Sebagai seorang indigo yang bekerja sebagai guru honorer di pedalaman Kalimantan, aku tidak pernah membayangkan bahwa pengalamanku di sana akan sangat berbeda dari apa yang aku kira. Sekolah yang aku tempati mengajar terletak jauh dari pusat kota, dikelilingi oleh hutan lebat dan sungai-sungai besar. Meski suasana alamnya begitu asri, ada sesuatu yang tak kasatmata yang sering aku rasakan sejak hari pertama tiba.
Desas-desus tentang orang bunian sudah sering kudengar dari warga setempat. Mereka adalah makhluk halus yang tinggal di alam gaib, hidup bersebelahan dengan manusia, tetapi tak bisa dilihat oleh mata biasa. Orang-orang kampung sering menceritakan tentang kehilangan barang secara misterius, atau bahkan pertemuan mereka dengan orang-orang asing yang tiba-tiba menghilang di tengah hutan. Aku menganggap itu hanya cerita rakyat, hingga suatu malam aku merasakan sendiri kehadiran mereka.
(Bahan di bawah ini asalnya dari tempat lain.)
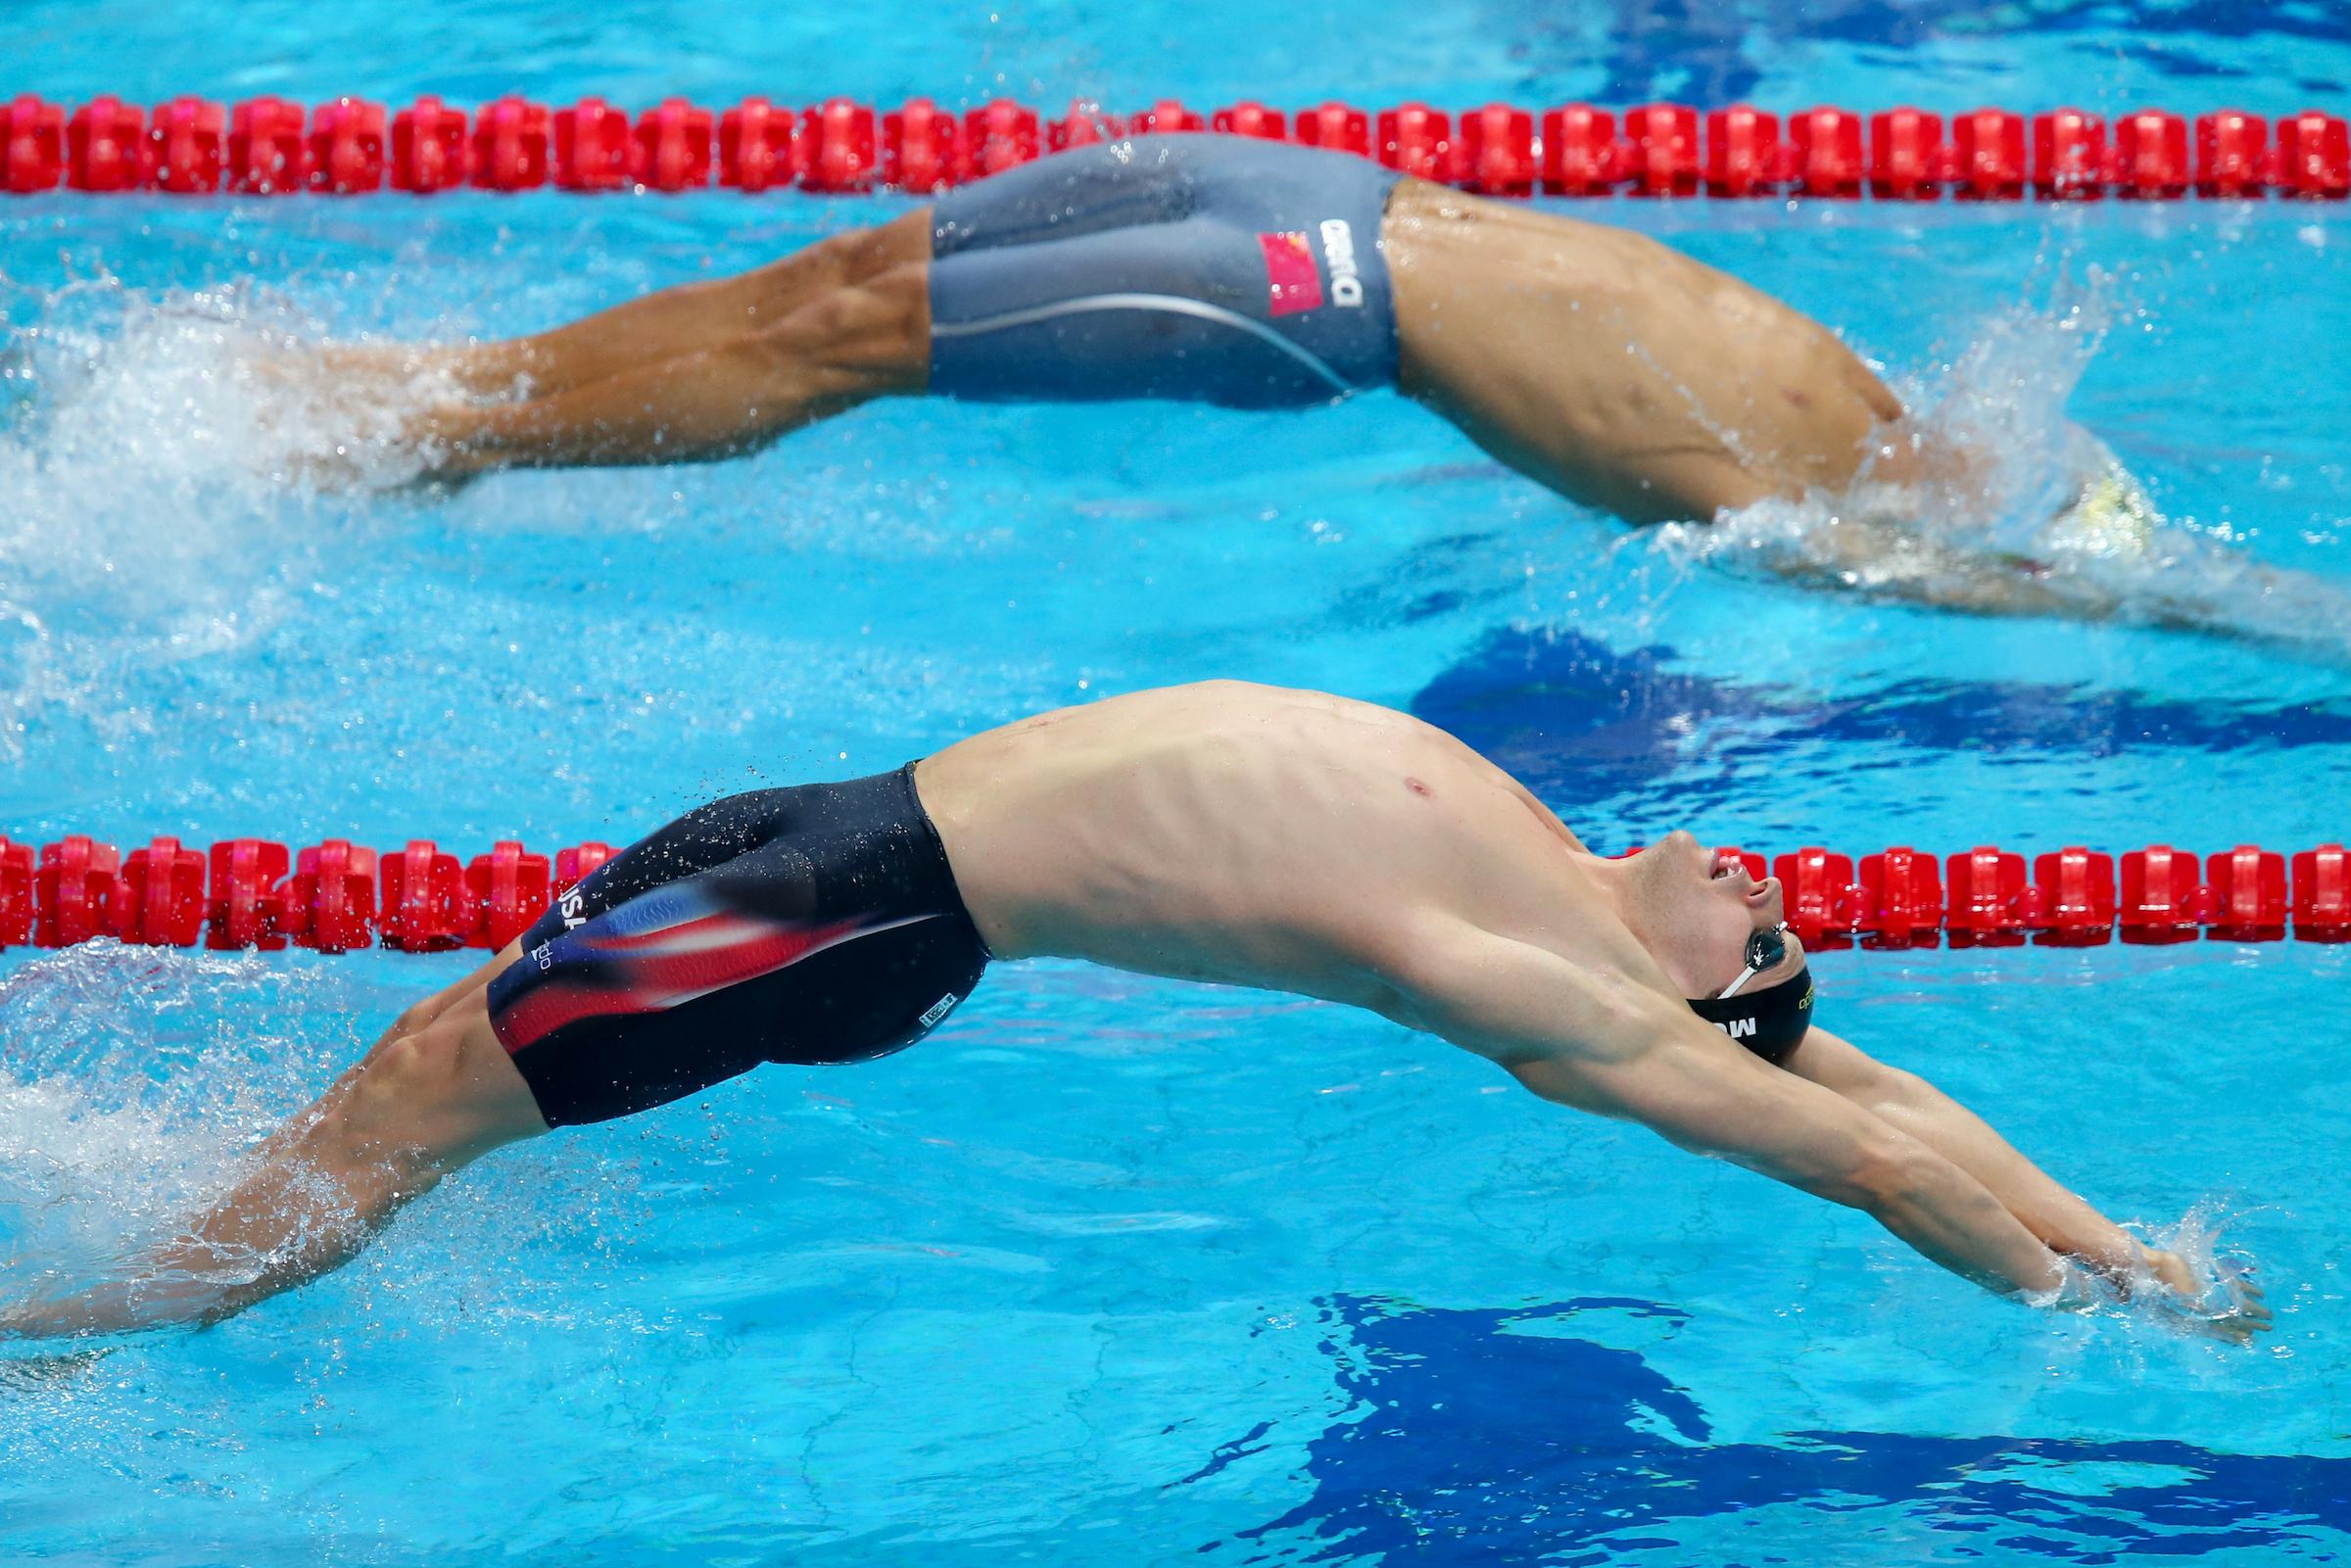 How was the World Aquatics Championship 2017 34

Pada malam itu, setelah selesai mengajar dan beristirahat di pondok kecil yang disediakan oleh sekolah, aku terbangun karena suara gemericik air dan bisikan samar di luar jendela. Awalnya aku mengira itu hanya suara sungai yang tak jauh dari pondokku. Namun, bisikan itu semakin jelas, seperti ada banyak orang yang sedang berbicara. Rasa penasaran memaksaku bangun dari tempat tidur dan mengintip melalui jendela yang menghadap ke hutan.
Di sana, di tengah kabut tipis yang melayang-layang, kulihat sosok-sosok berwujud manusia berjalan dengan anggun. Mereka tampak seperti manusia biasa, namun ada sesuatu yang aneh. Wajah mereka begitu tenang dan halus, hampir tanpa ekspresi, dan mereka memakai pakaian tradisional yang tak pernah kulihat sebelumnya. Mereka berjalan tanpa suara, seolah-olah melayang di atas tanah.
Tiba-tiba, salah satu dari mereka menoleh padaku. Meskipun jendela pondok masih tertutup, aku bisa merasakan tatapan mereka, dingin dan menusuk. Jantungku berdegup kencang, dan saat itu aku menyadari bahwa mereka bukan manusia. Mereka adalah orang bunian.
Keesokan harinya, aku bertanya kepada kepala sekolah tentang pengalaman itu. Dia hanya tersenyum dan berkata bahwa orang bunian memang sering melintas di sekitar hutan, terutama di malam hari. Dia memperingatkanku untuk tidak berinteraksi atau mengikuti mereka, karena konon katanya, siapa pun yang mencoba berkomunikasi dengan mereka akan tersesat dan tidak akan bisa kembali.
Sejak saat itu, aku sering merasakan kehadiran mereka di sekitarku. Terkadang mereka hanya sekedar lewat, namun ada kalanya aku merasa mereka memperhatikan setiap gerak-gerikku. Pengalaman ini membuatku semakin berhati-hati, tetapi juga lebih menghargai keberadaan dunia lain yang tak terlihat oleh banyak orang.
Mengajar di pedalaman Kalimantan bukan hanya soal mendidik anak-anak di sana, tapi juga soal menjaga keseimbangan antara dunia yang nyata dan yang tak kasatmata.